Hay que admitir que Trump ha hecho un extraordinario trabajo en ese sentido. Es posible que el número de seguidores de Trump haya disminuido desde su llegada al poder, pero en absoluto se ha reducido su convicción, su resolución y su radicalidad. Más bien ha crecido. Con consignas y vulgaridades, Trump ha tocado la fibra emocional de muchos norteamericanos que se sienten liberados de las garras del malvado monstruo del Estado y solo leen y ven medios favorables que amplifican hasta el ridículo los méritos del presidente e ignoran cualquier crítica. Trump ha trasladado a una parte del país a una realidad paralela de la que será muy difícil que regrese. En esa realidad se desconoce, por supuesto, la profunda incompetencia de Trump. Lo más duro del reciente libro de Bob Woodward sobre el presidente no son las conspiraciones y traiciones que se desvelan a su alrededor, sino el retrato de un hombre profundamente ignorante —pese a su título en una universidad Ivy League—, pero además colérico, inseguro, mentiroso y vengativo, que cambia de opinión constantemente y no está regido por sus conocimientos sino por su instinto.
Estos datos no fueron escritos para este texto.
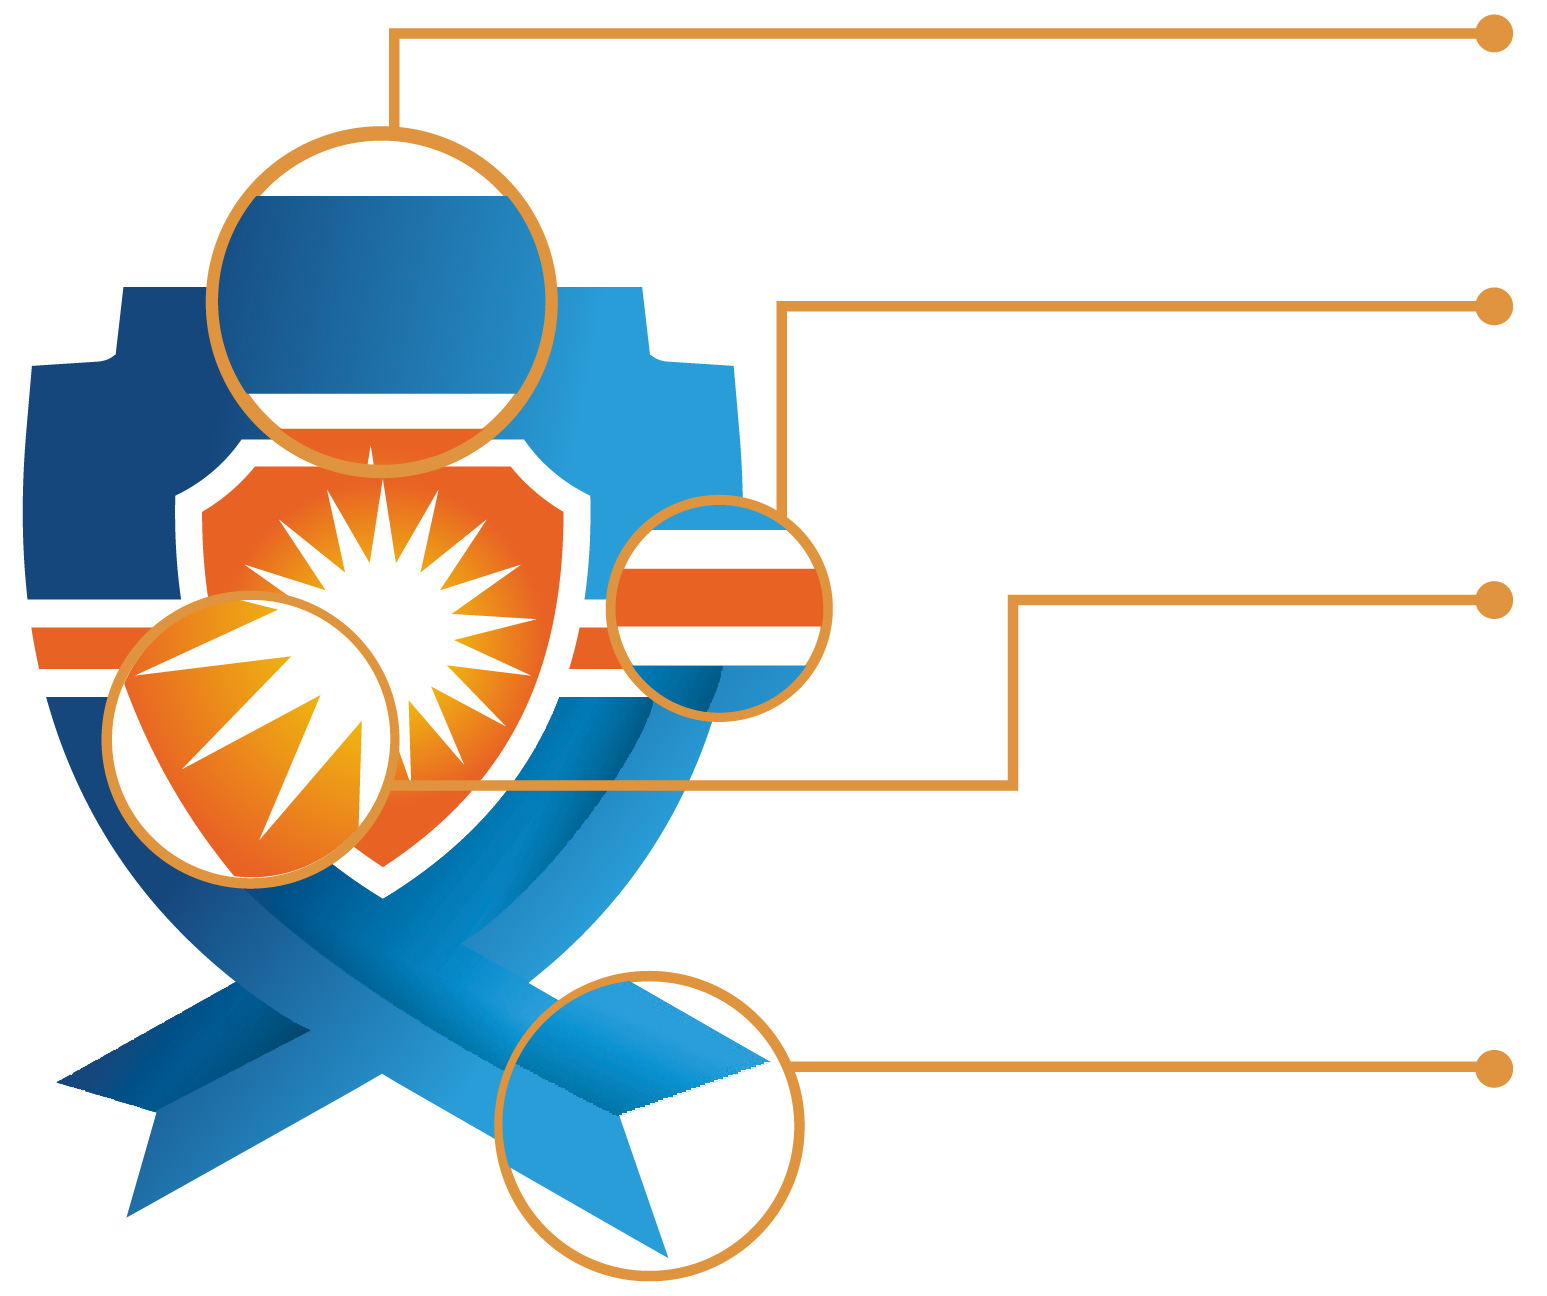 SSG-Logo-description-graphic-01

El presidente es un hombre ignorante, colérico, mentiroso y vengativo, que cambia de opinión constantemente

No es la incompetencia de Trump un problema menor. Frum recuerda que Montesquieu alertó de “la negligencia, los errores y la pereza en la defensa de la nación” como amenazas de los que una democracia debe protegerse cuidadosamente.
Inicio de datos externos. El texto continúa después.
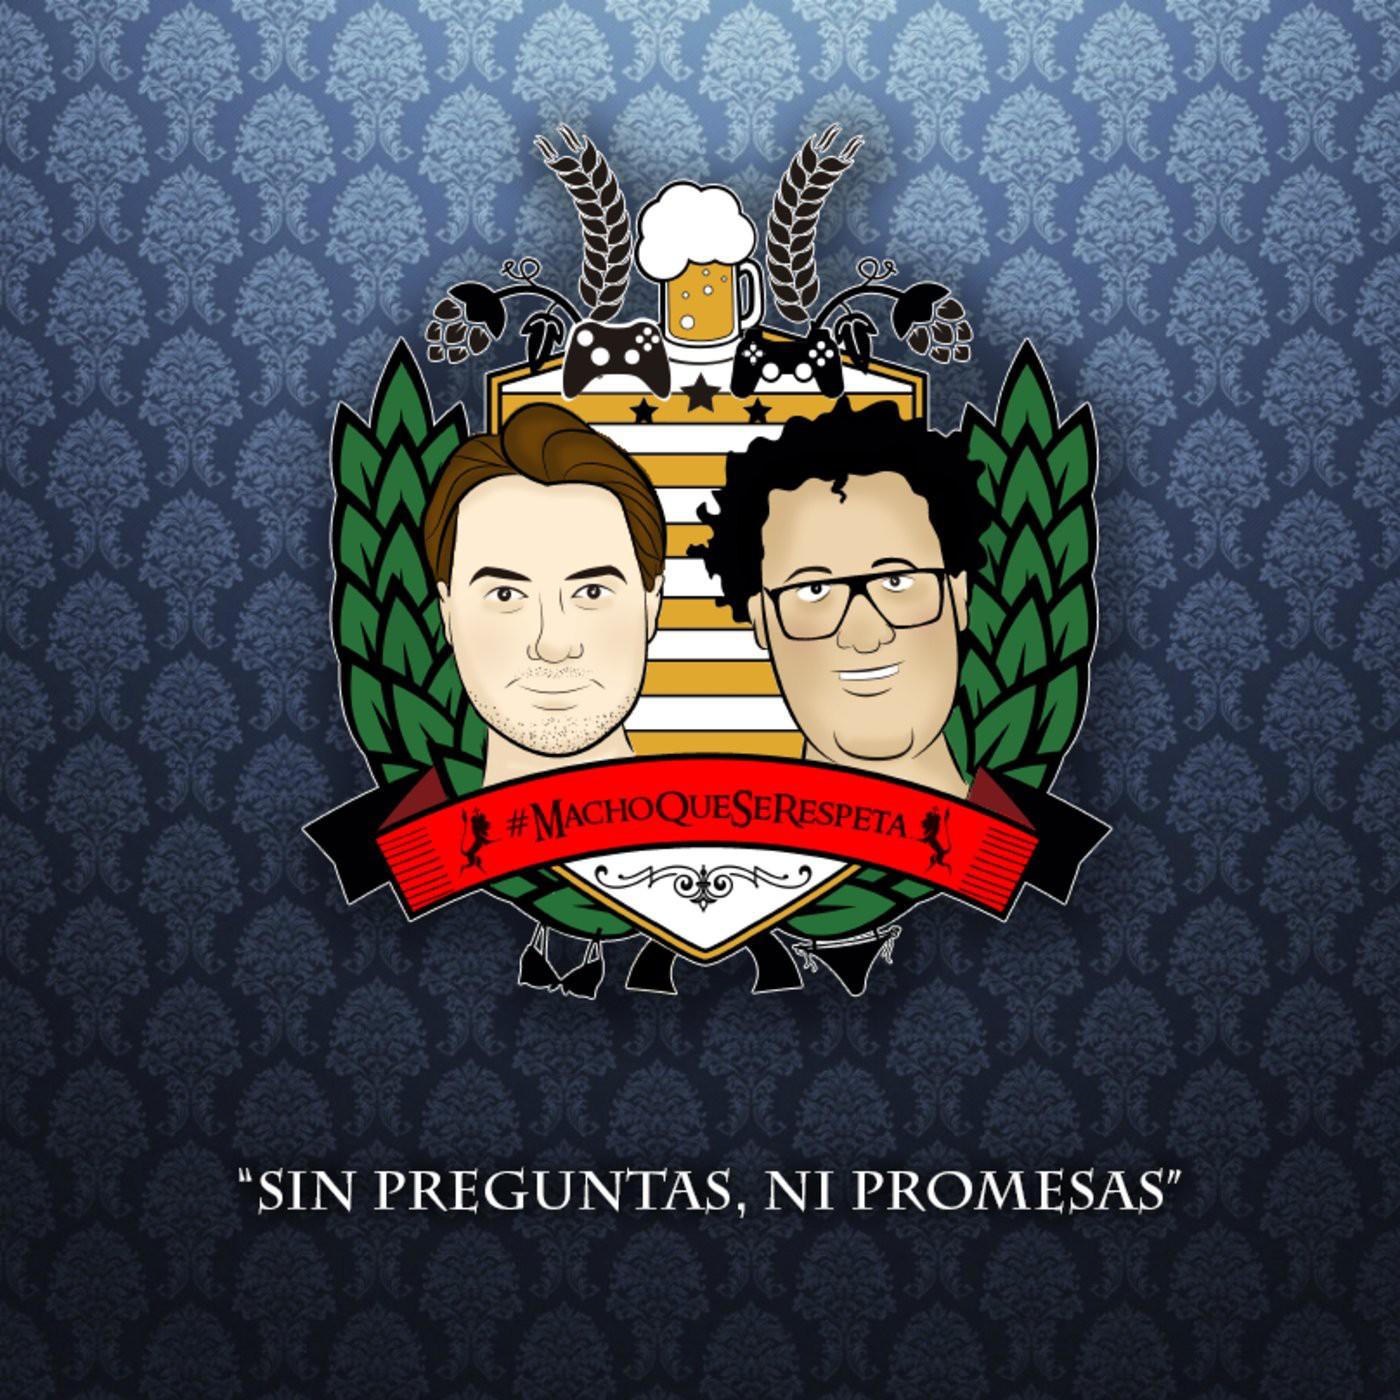 <![CDATA[Podcast de Macho que se respeta ]]>

No estamos en el punto en el que pueda decirse que la democracia de EE UU está en peligro. Un sistema que ha sobrevivido sin un solo trauma durante más de 200 años y que todavía manifiesta más vitalidad que otros en Europa, no puede ser liquidado de la noche a la mañana por un personaje menor como, en el fondo, es Trump. El verdadero peligro de Trump no es él mismo. El mayor peligro es la dinámica de división, polarización, desprecio al sistema y a la inteligencia que Trump ha desatado.

No es descartable que Trump acabe con la tradición moderada del Partido Republicano e imponga su estilo a quien tenga que sucederle dentro de su partido. Tampoco es difícil que Trump alimente a otros posibles Trumps en el Partido Demócrata. De hecho, algo de ello se vislumbra.

Este país ha conocido antes tiempos difíciles y malos gobernantes —aunque admito que no me viene a la cabeza nadie que compita con Trump en esa categoría—, y la democracia siempre acabó imponiéndose. EE UU ha vivido el internamiento obligado de sus ciudadanos de origen japonés, la persecución política de la izquierda y la privación de derechos de las minorías raciales. Más recientemente, se cometieron crímenes horribles en nombre del Estado y de la guerra contra el terrorismo. De todo ello acabó reponiéndose. Lo que ahora se vive puede no parecer tan grave como esos episodios. Es diferente, más absurdo, más sorprendente, más desconocido y, quizá, más peligroso.